Points to consider (in no particular order):

. Many factors affect the location of the motor in a street rod chassis. Plan ahead.

. The frame should be at ride height and rake when mounting the motor/trans.

. On MII suspended chassis, have the rack mounted. It is usually higher than the crossmember and can interfere with the oil pan.

. Get Inline Empire Driveline tech sheet re driveline angles. (http://www.iedls.com/ptsetup.html)

. Carb does not have to be level, but try to be close.

. Pinion angle (up at the front) should be the same as the crank/trans angle (down at the rear) and the u-joint angle should be 3 degrees or less.

. Crank c/l does not have to be in line with the pinion when viewed from above.

. Crank/transmission line does not have to parallel with the frame c/l when viewed from above. e.g. The transmission is in the center of the frame (located because of the stock x-member passage) and the front of the motor is offset to one side (usually the passenger) for clearance. The 3 degree u-joint angle is the determining factor, as above. (Per Inland Empire Driveline/Armando)

. Have motor/trans to know the clearances required.

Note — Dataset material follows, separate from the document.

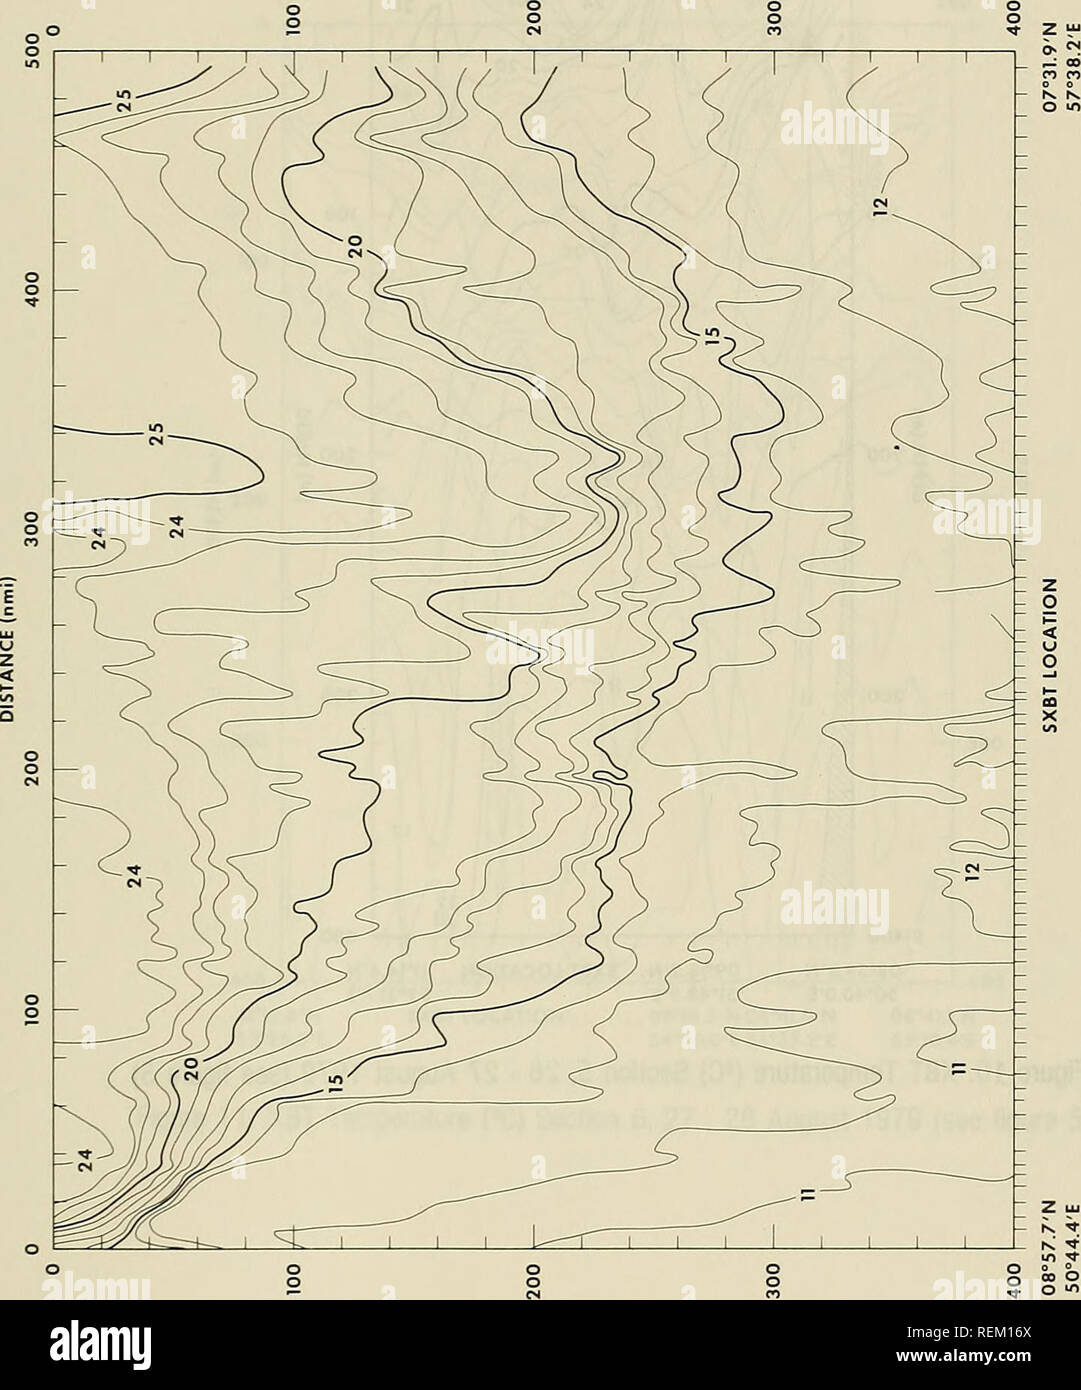 . Circulación y propiedades oceanográficas en la cuenca somalí como se observó durante el monzón del suroeste de 1979. La oceanografía; las corrientes oceánicas; los monzones. Profundidad (m). &Lt; co m X { Hidaa") 33. Por favor tenga en cuenta que estas imágenes son extraídas de la página escaneada imágenes que podrían haber sido mejoradas digitalmente para mejorar la legibilidad, la coloración y el aspecto de estas ilustraciones pueden no parecerse perfectamente a la obra original. Beatty, William H; Bruce, John G; Guthrie, Robert C; Estados Unidos. La Oficina Oceanográfica de la Armada. St. Louis, Mississippi : La Oficina Oceanográfica Naval, NSTL Station Foto de stock

. Have the rad mounted. It often can be moved, but sometimes must be in a specific location (and sometimes on an angle).

. Know what fan will be used so clearance can be planned.

. Have the body mounted.

. Have the firewall or be prepared to custom make it.

. The floor might have to be modified for trans clearance.

. Headers & steering will want the same space. Consider this when positioning the motor.

. Rubber OEM mounts absorb more engine vibrations than urethane 4-bar bushings. The urethane 4-link bushing mounts usually look more “high-tech. Use the mounts that suit the style of your project rather than worrying about the amount of vibration transfer. It won’t be that much different.

. Plan hood clearance.

. Have the water pump installed so clearance can be planned.

For a complete list of our easy-to-install engine mounts for Chevy, Ford, and Chrysler motors, click here.

3 comments

  1. Jason Gadd says:

    Glad to hear that the motor can be offset slightly – we’re putting a Ford 2.3 SOHC turbo in an MGB and there are definite clearance issues on the driver side due to the steering column and the big bulge in the motor on that side. My question is: do the motor mounts have to be in line across the motor, or can one be an inch or two further back than the other? Thanks!

    • DW says:

      Hi Jason. I would say the best spot for the mounts is where they fit best – I don’t think there’s a hard rule about having the mounts inline, so if that’s how they will let you work everything out, I’d go for it.